Film Review: 633 Squadron, 1964



Many of the better war films stick fairly closely to the kinds of things that really happened, or are at least plausible. Films that indulge in cinematic overstatement - exaggerating material things, whilst caricaturing (or reducing) human aspects - often suffer in proportion to the degree of deviation.

Eight Mosquitos were used in making the film.

They are as much the stars as are the actors. [1]

So it is that the oversized Guns of Navarone [2] wind up more Bond-villain than real. And so it is here, with the idea of pinpoint-bombing being used to destroy enemy installations via bomb-induced landfall, or stop captured guerrillas from spilling the beans whilst undergoing Nazi torture!
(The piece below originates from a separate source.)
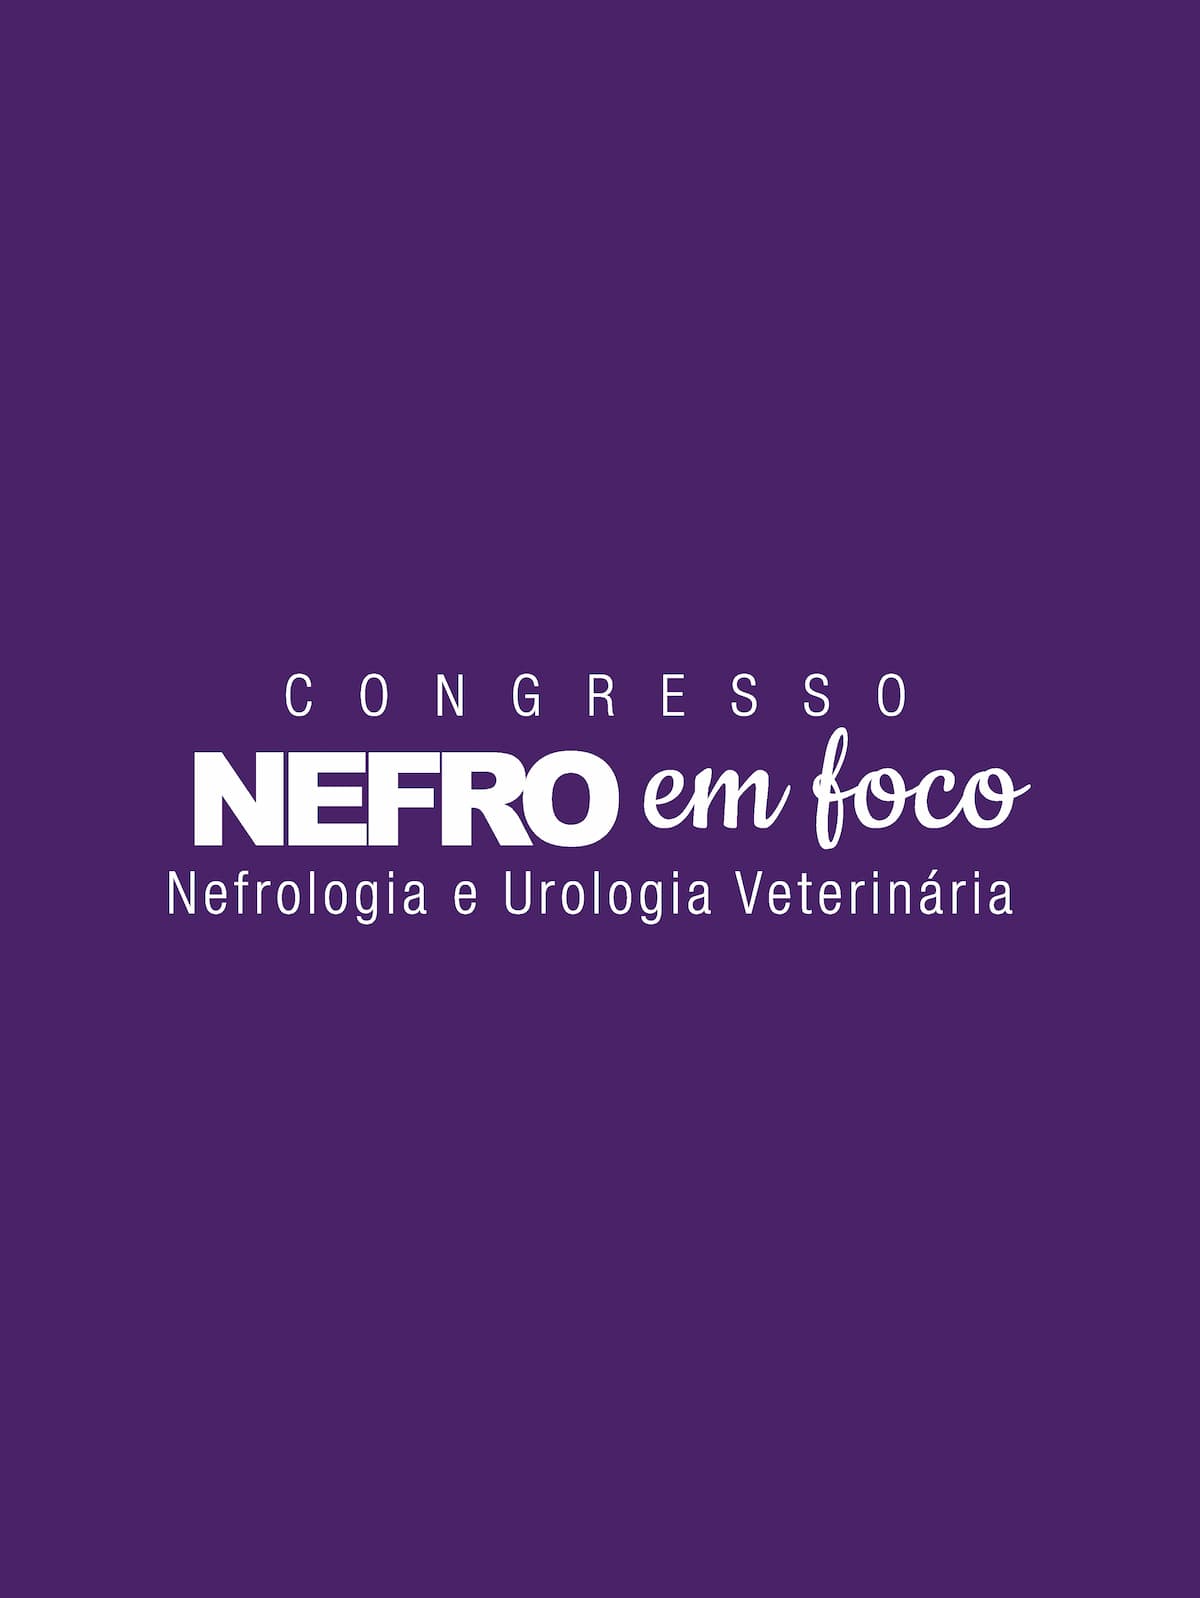 Congresso Nefro em Foco Veterinários dia 25/04/24

None of this is helped by the fact that the special-effects for this film have not weathered the years as well as the production values of, for example, the far superior classic Battle of Britain

Poor special effects...

... and implausible scenarios. [3]

I remember quite enjoying this movie as a young kid (it seemed to be on a lot!), partly just for the fact it had a bunch of Mosquitos flying about. But, unlike many other war films I loved as a kid - The Longest Day, Ice Cold In Alex, Battle of Britain, A Bridge Too Far, etc, etc - it doesn't do it for me as a more informed and critical adult. 

Angus Lennie and Cliff Robertson.

Four of the crews. [4]

Cliff Robertson isn't a very sympathetic male lead, and George Chakiris is badly miscast as a Norwegian resistance leader. Indeed, both script and acting are really pretty poor. And whilst the plot is allegedly based on a mishmash of elements of real RAF raids, it comes off as far-fetched and implausible, with the poor-special effects (and innacurate materiel) only compounding the issue.

George Chakiris...

Greco-Norwegian freedom-fighter!

West Side Story, suited him better.

This was disappointing enough to me to put me off taking a punt on Mosquito Squadron, which I've heard uses footage from this film in the way many older war films used to use stock newsreel footage.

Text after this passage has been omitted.